This article is from Black Flag in 1999. It analyses the British state's use of shoot to kill.
SHOOTING TO KILL
Crime reporters are a curious breed. The majority are local hacks who report on whatever happens under their noses, and hope the more salacious the story, the safer their job-at least for the next few months. There are a few though, who specialise in being propagandists for the police; who conjure up folk devils like the Adamses, the Arifs, the Yardies and the Triads so that the Police Federation can call for a recruitment drive and the Michael Howards and Jack Straws can be given cover while they further curb our "civil liberties." Some who come to mind include tv journalist Martin Short, The Guardian's Nick Hopkins, and former Time Out hack, now at The Observer, Tony Thompson. Usually they just recycle what Scotland Yard tells them -as an example Thompson had a piece in The Observer on 28th November 1999 "Muggers Enter the Big League" about how muggers are purportedly turning to armed robbery and aggravated violence because "there has been a steep decline in the number of stop- and - searches since the publication of the report into the Stephen Lawrence case." Just to refresh our memories-the issues at large in the McPherson report were l) racism and 2) police competence.
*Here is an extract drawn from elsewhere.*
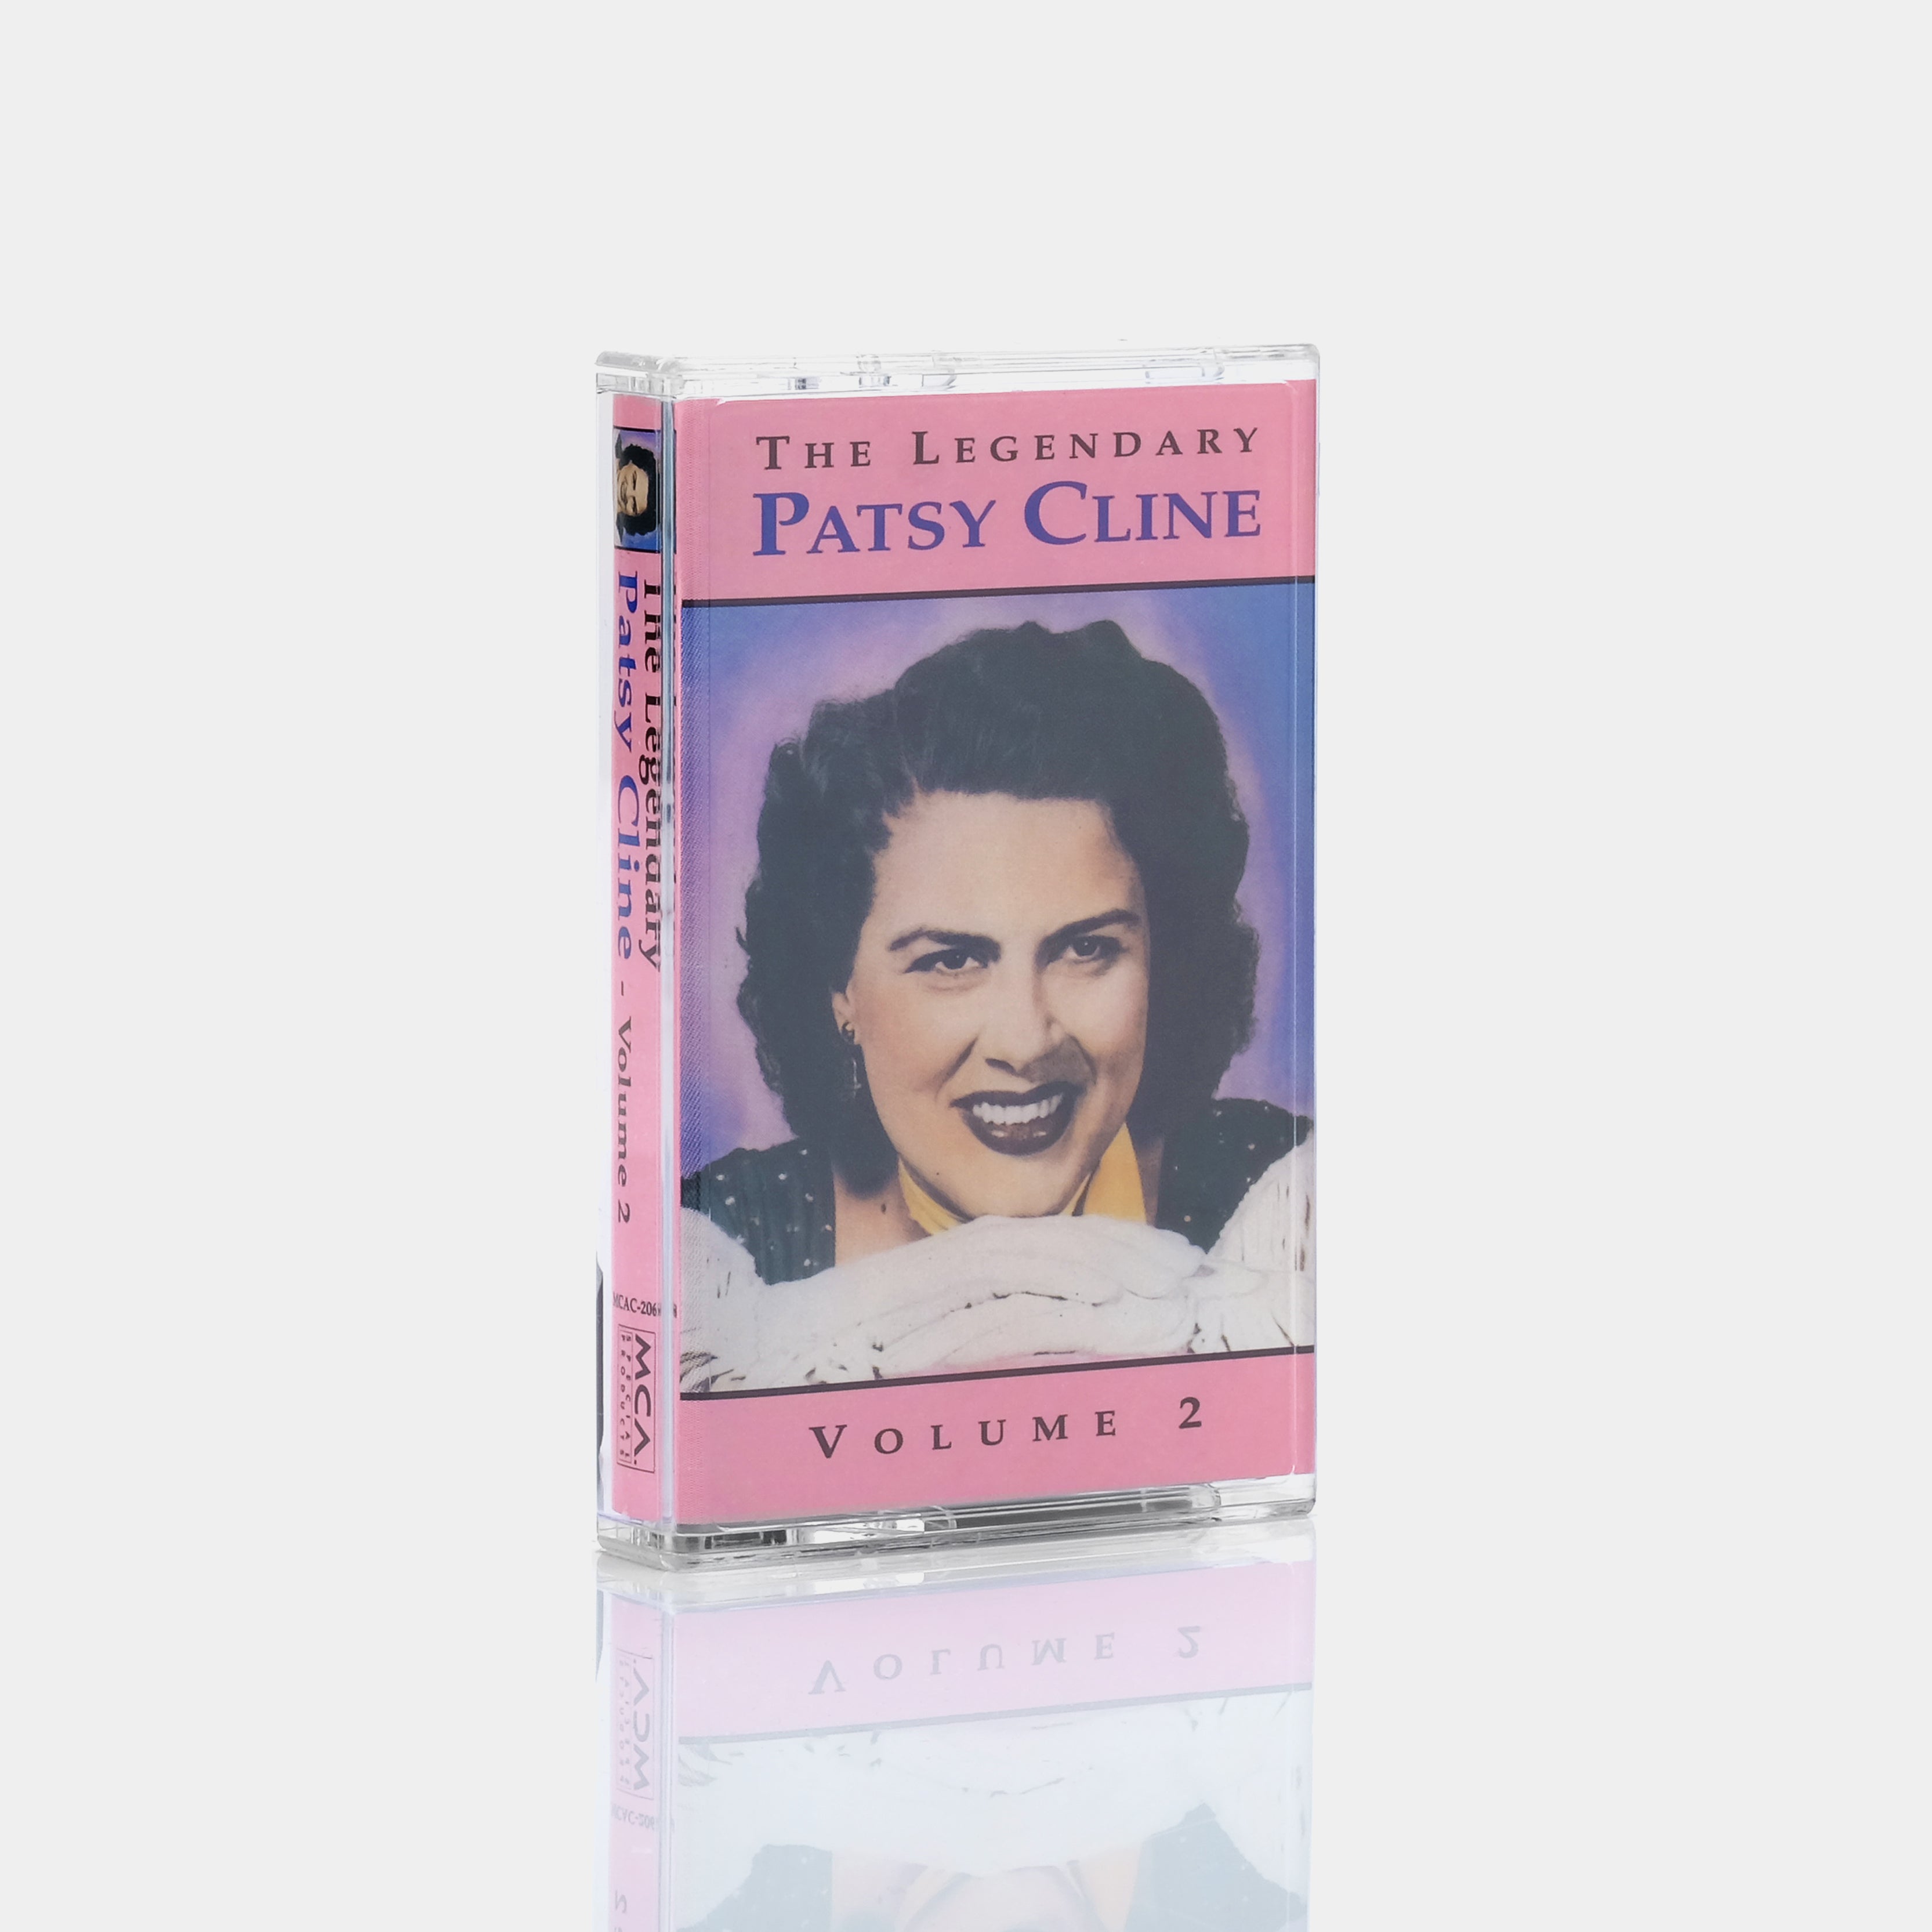 Patsy Cline - The Legendary Patsy Cline (Volume 2) Cassette Tape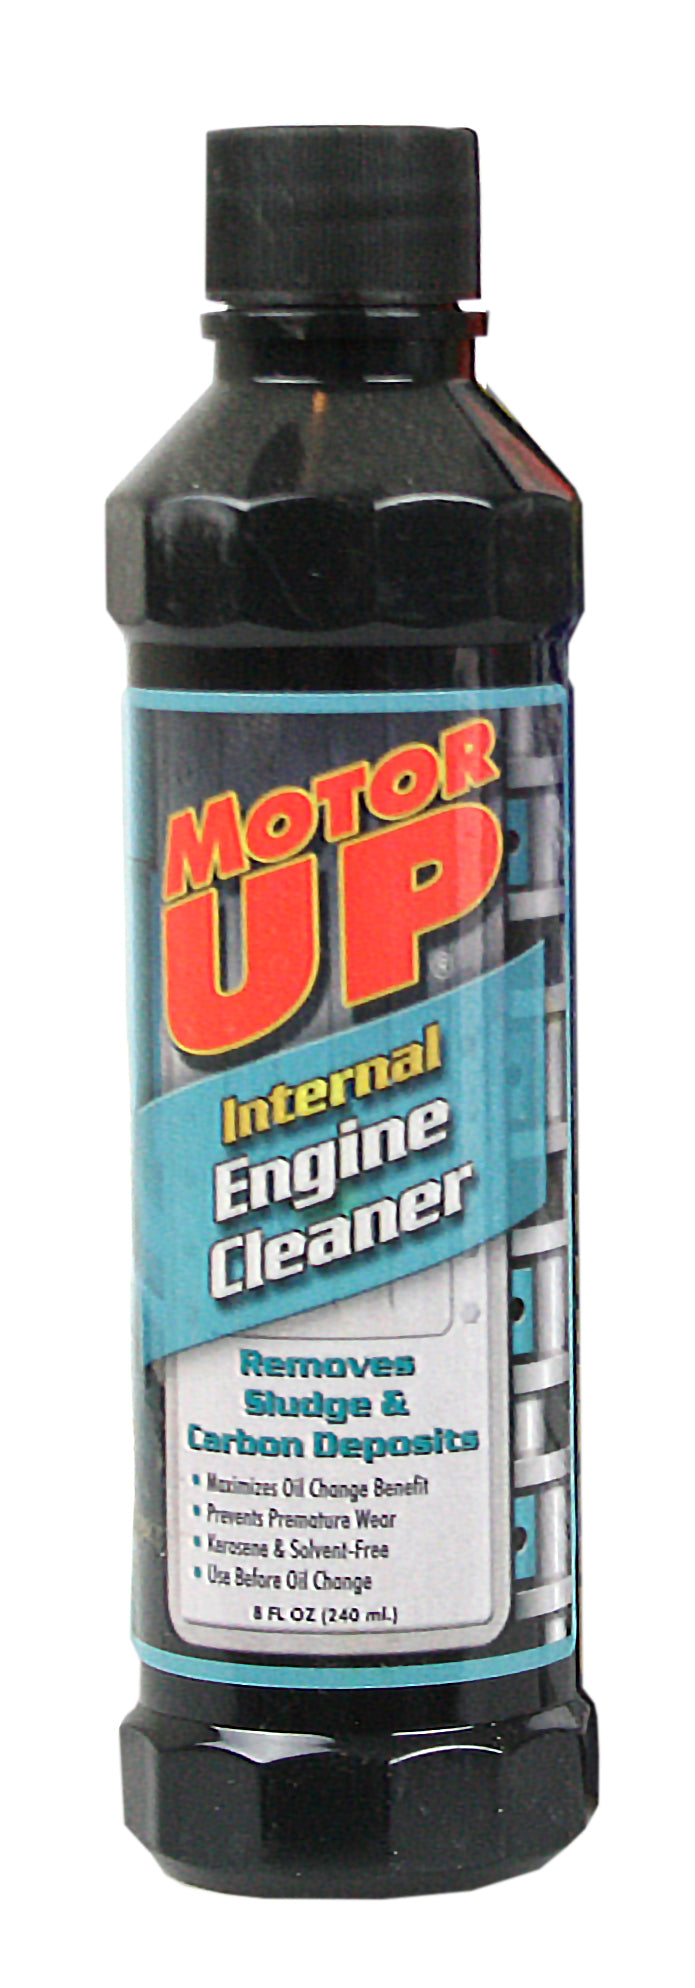 MotorUp Internal Engine Cleaner

Between the lines then, is the coded warning that most violent crime is committed by blacks and because the police have been accused of racism they can't tackle the real issue-violent black crime. Hence the use of the description "mugger" in juxtaposition to "armed robbery." On any other level, the story makes no sense. There's no evidence produced to support the contentions that 1) muggers are turning to more violent forms of crime or 2) that "crime figures are going up." The only point to the story is to allow Scotland Yard to try and smear the Lawrence inquiry agenda as a means of getting itself off the hook. Tony Thompson doing what he does best.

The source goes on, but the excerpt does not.